--- Task inputs Enclosed Below ---

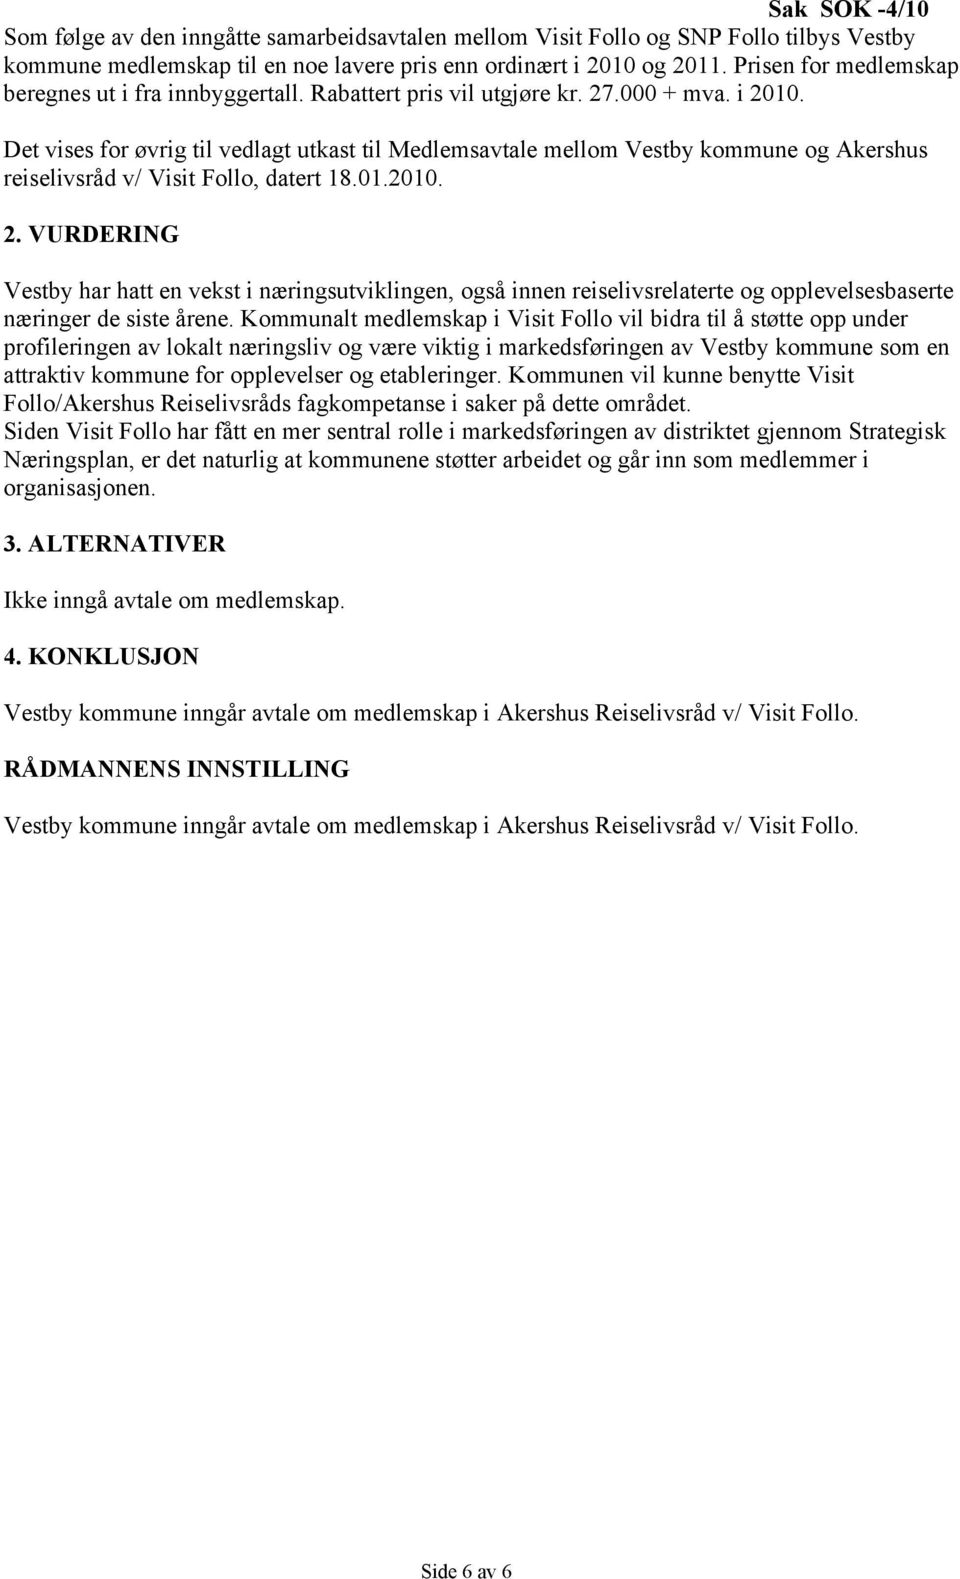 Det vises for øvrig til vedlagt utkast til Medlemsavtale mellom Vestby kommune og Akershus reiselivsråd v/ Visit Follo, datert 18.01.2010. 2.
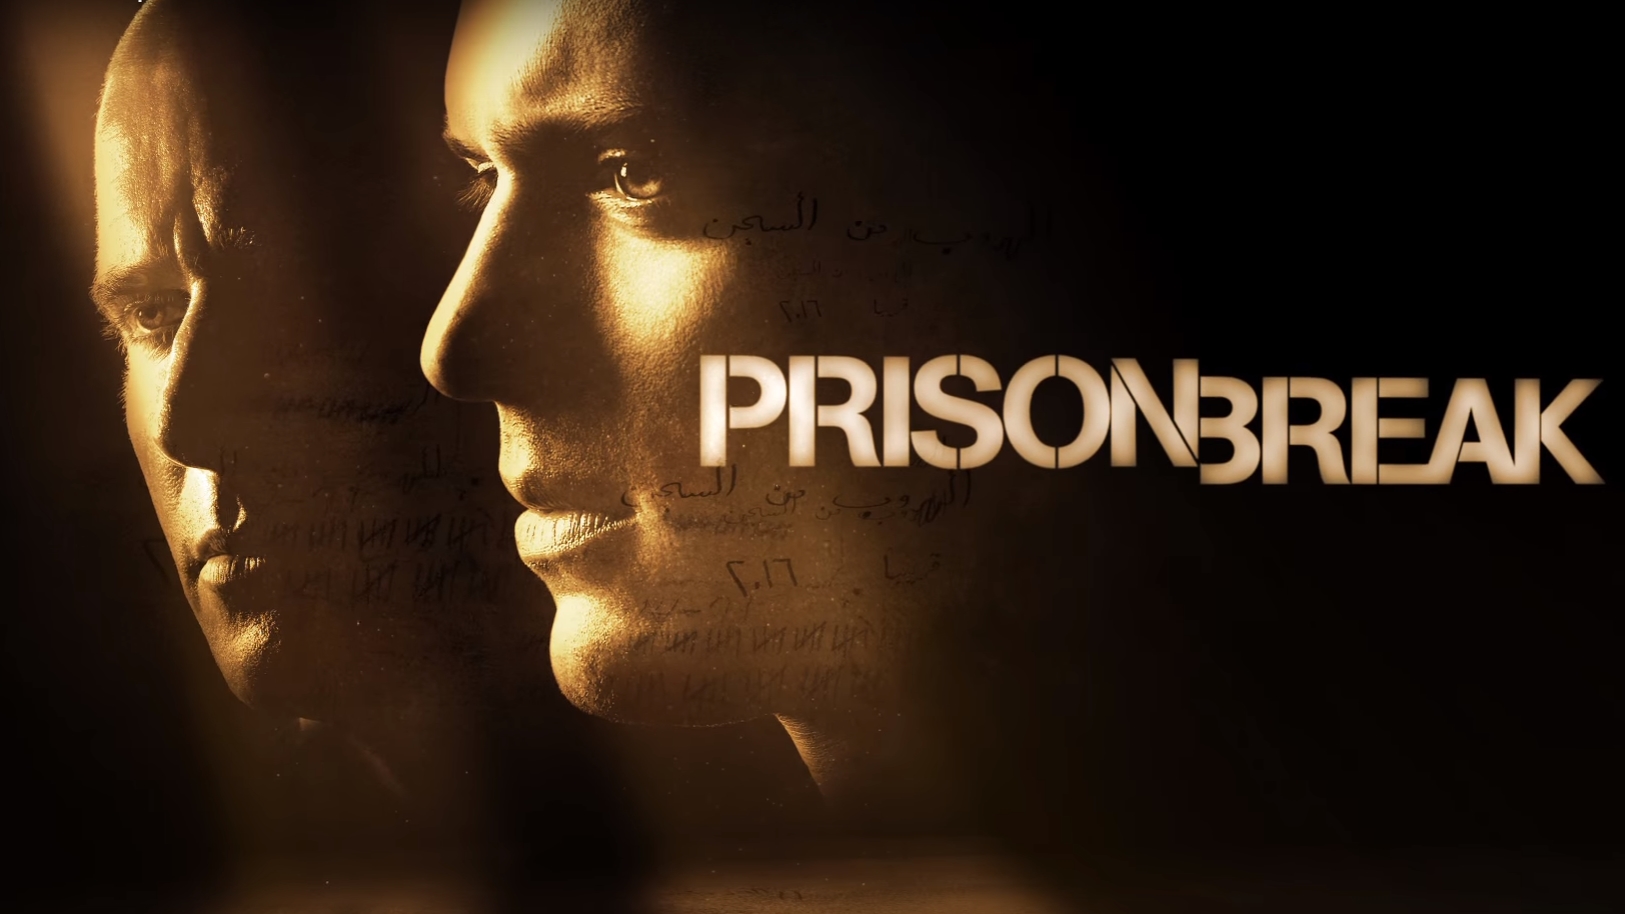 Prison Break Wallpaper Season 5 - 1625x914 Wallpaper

--- End of Enclosed Task inputs ---
--- Task inputs Enclosed Below ---

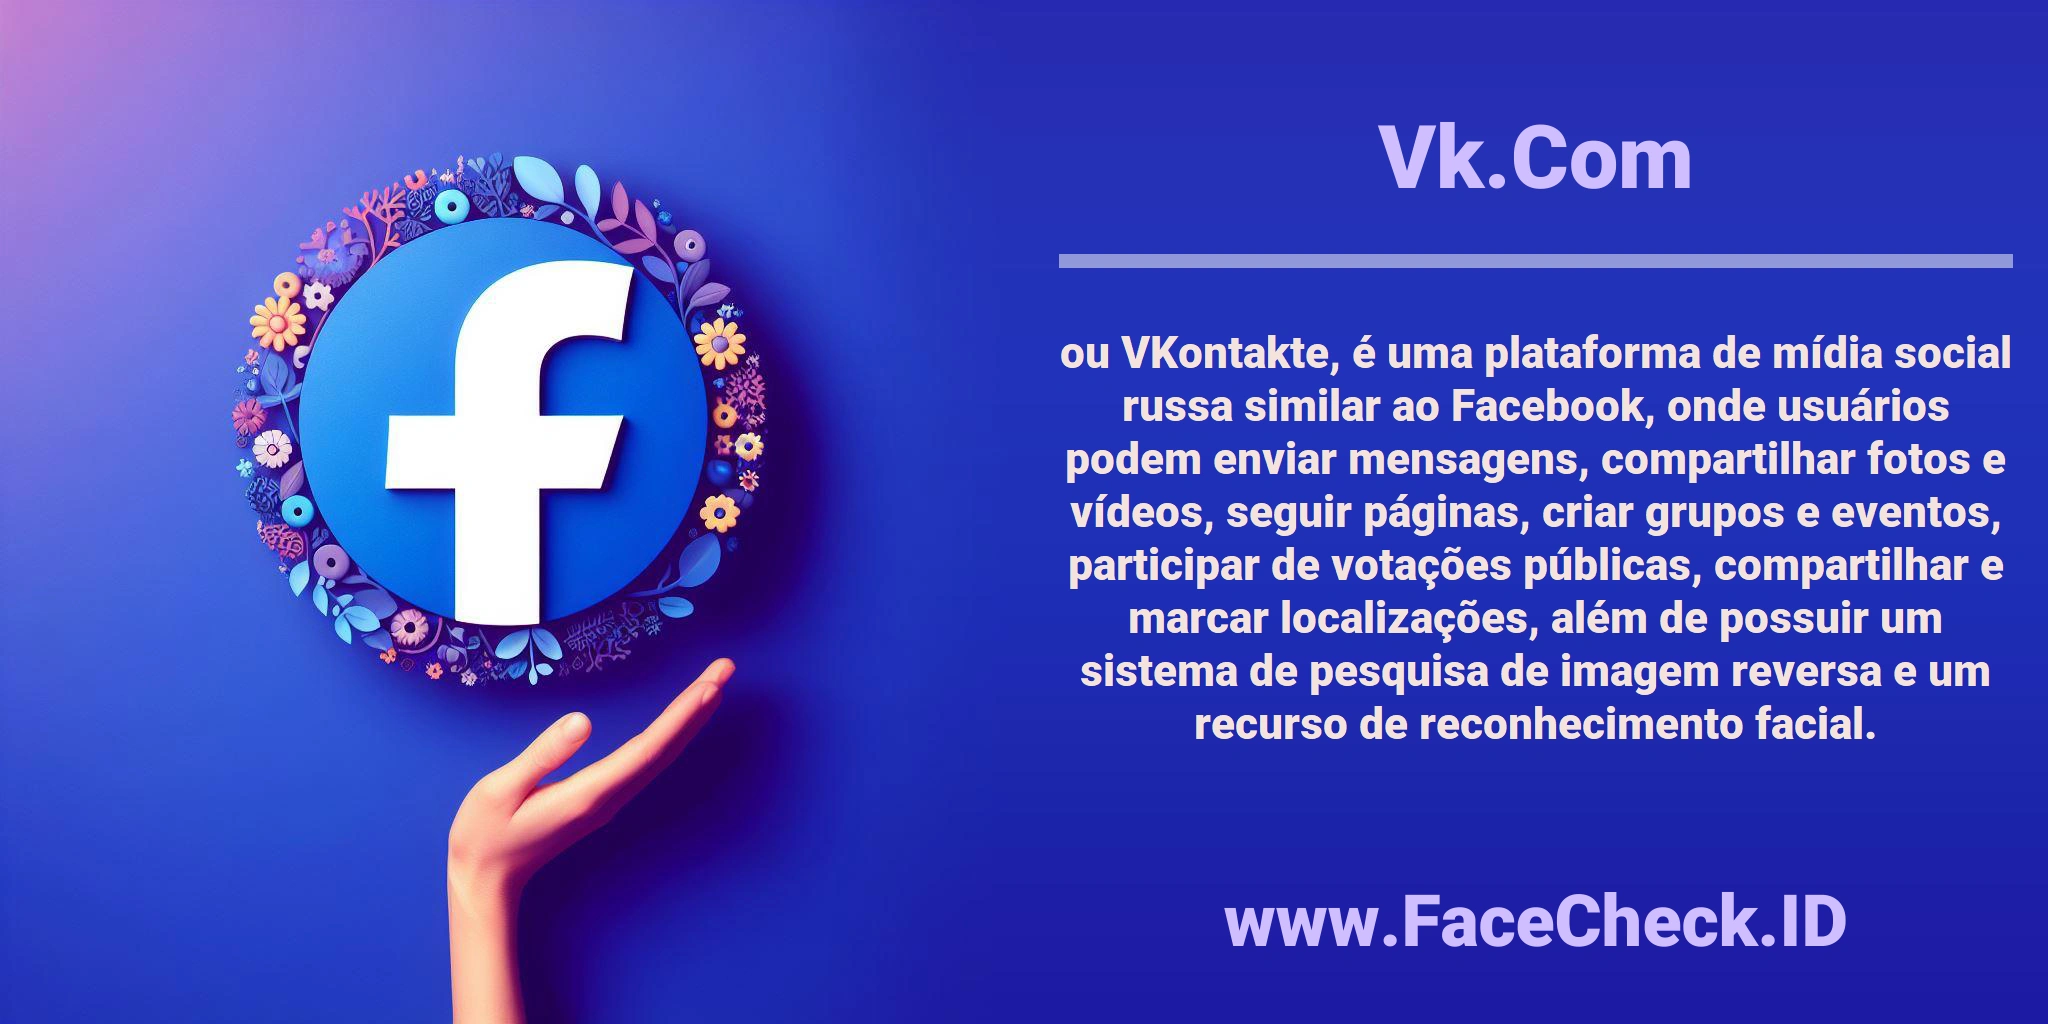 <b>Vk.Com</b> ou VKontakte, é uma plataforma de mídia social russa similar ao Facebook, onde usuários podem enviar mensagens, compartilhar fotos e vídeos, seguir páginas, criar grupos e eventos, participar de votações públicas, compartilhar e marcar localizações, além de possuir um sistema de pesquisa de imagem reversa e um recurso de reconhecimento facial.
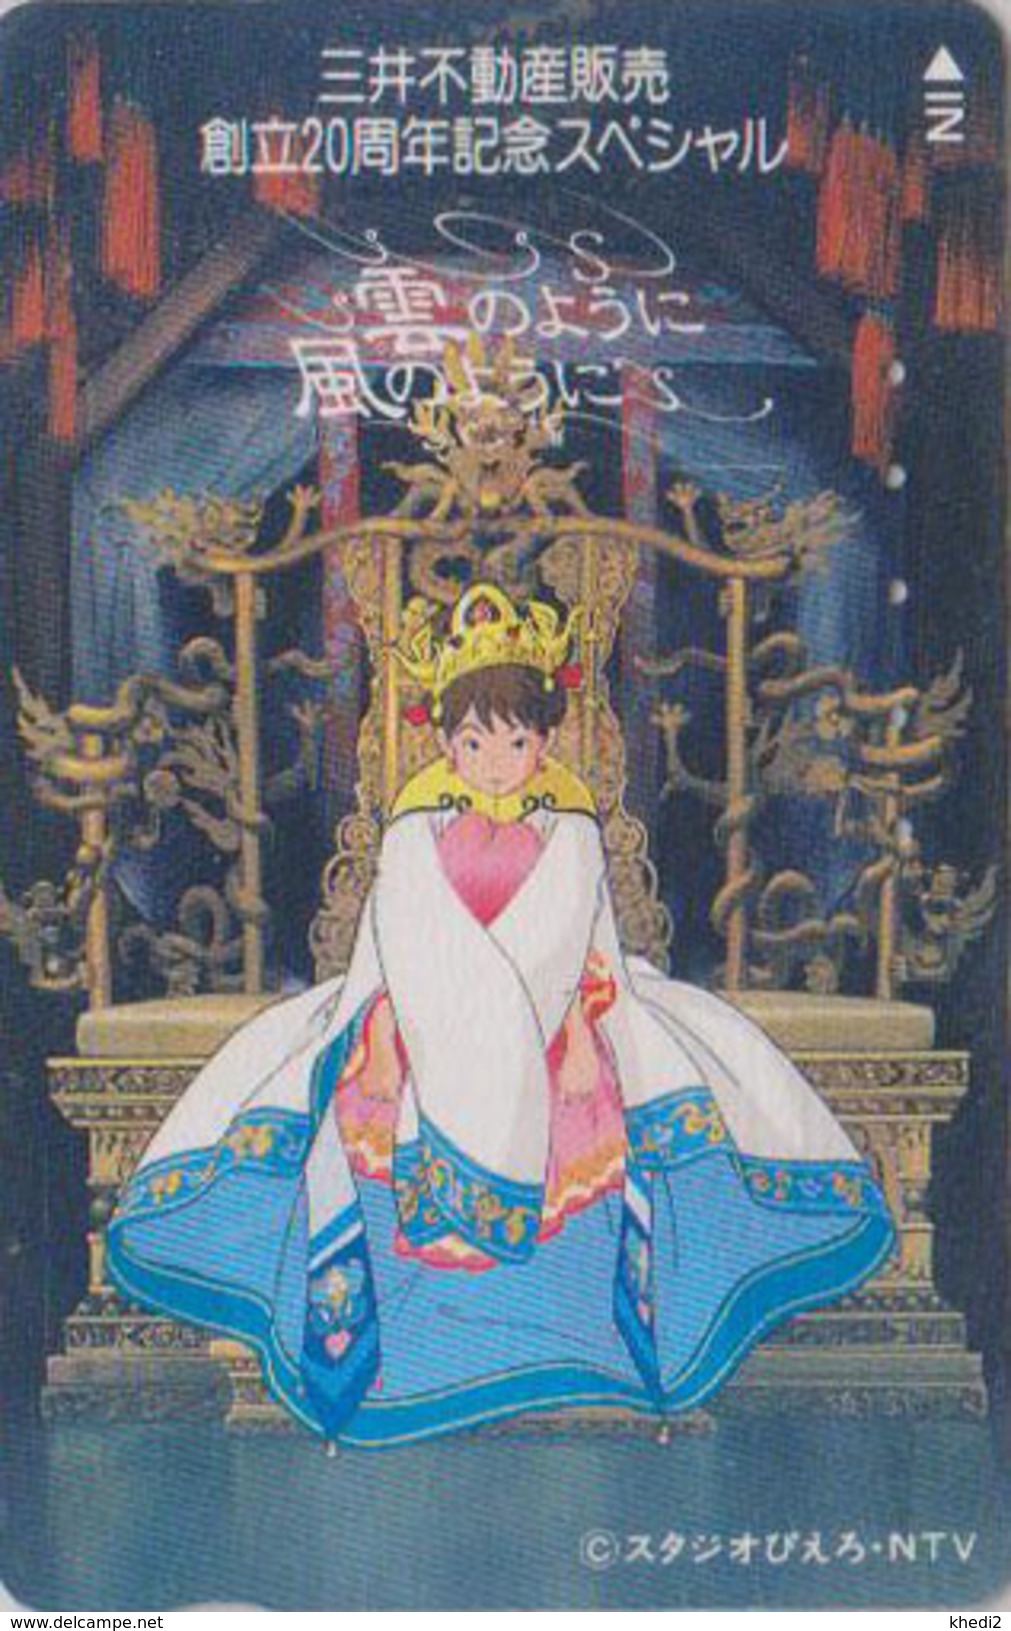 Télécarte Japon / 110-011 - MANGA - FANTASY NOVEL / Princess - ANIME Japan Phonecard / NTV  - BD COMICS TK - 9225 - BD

--- End of Enclosed Task inputs ---
--- Task inputs Enclosed Below ---

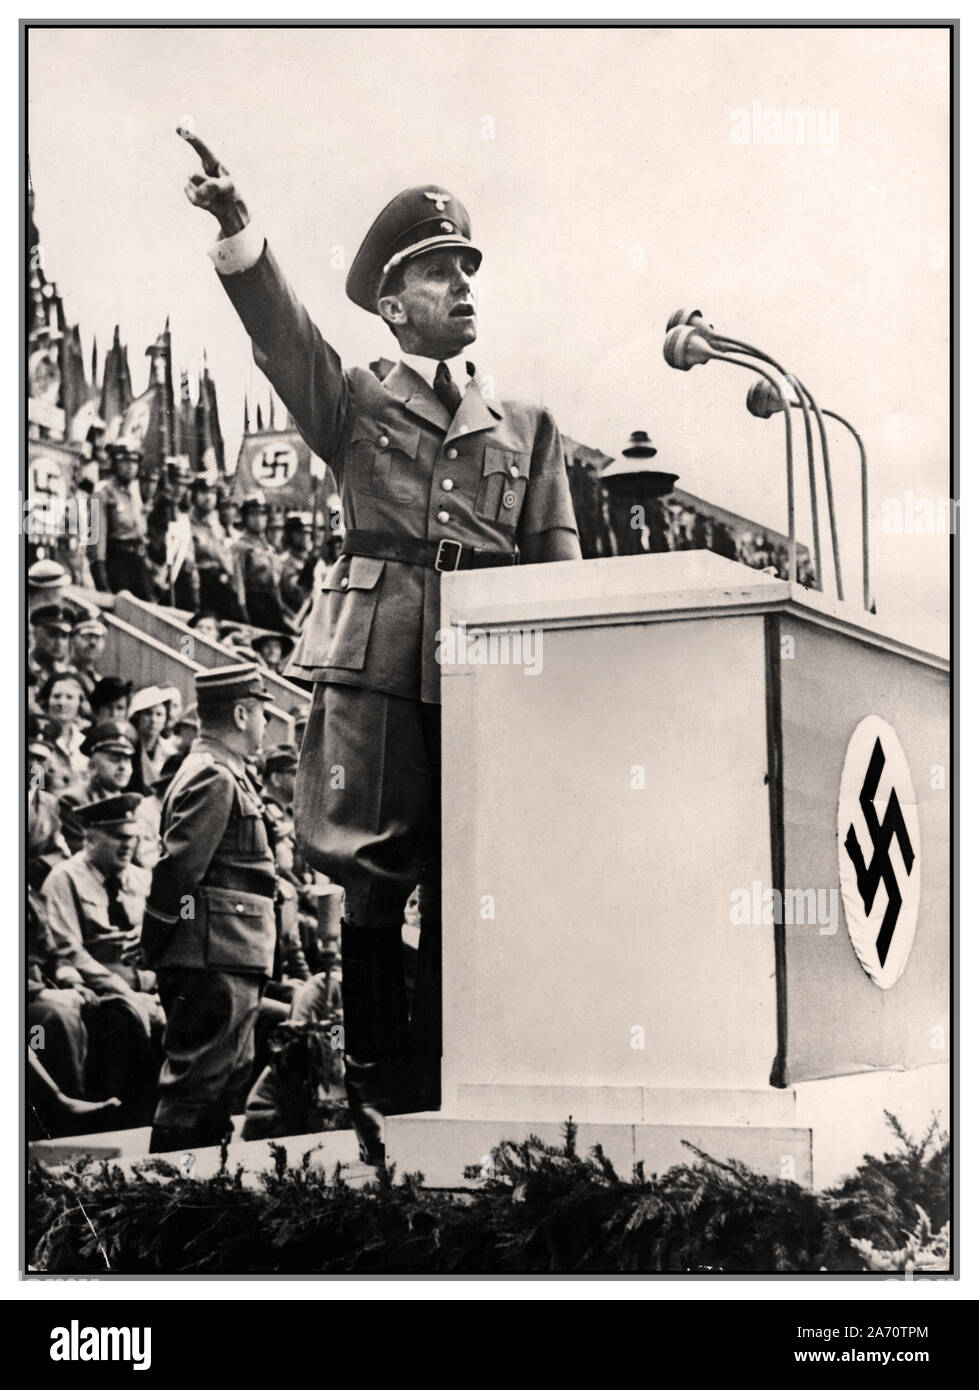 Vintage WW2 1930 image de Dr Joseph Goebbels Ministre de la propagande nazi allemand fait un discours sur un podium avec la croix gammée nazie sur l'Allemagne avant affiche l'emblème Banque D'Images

--- End of Enclosed Task inputs ---

◆ **Exercise description**
Reproduce the data above exactly, but only from the line containing "Det vises for" through the line containing "Prison Break Wallpaper". Omit all pictures.

◆ **Output of the exercise**
 Det vises for øvrig til vedlagt utkast til Medlemsavtale mellom Vestby kommune og Akershus reiselivsråd v/ Visit Follo, datert 18.01.2010. 2.
 Prison Break Wallpaper Season 5 - 1625x914 Wallpaper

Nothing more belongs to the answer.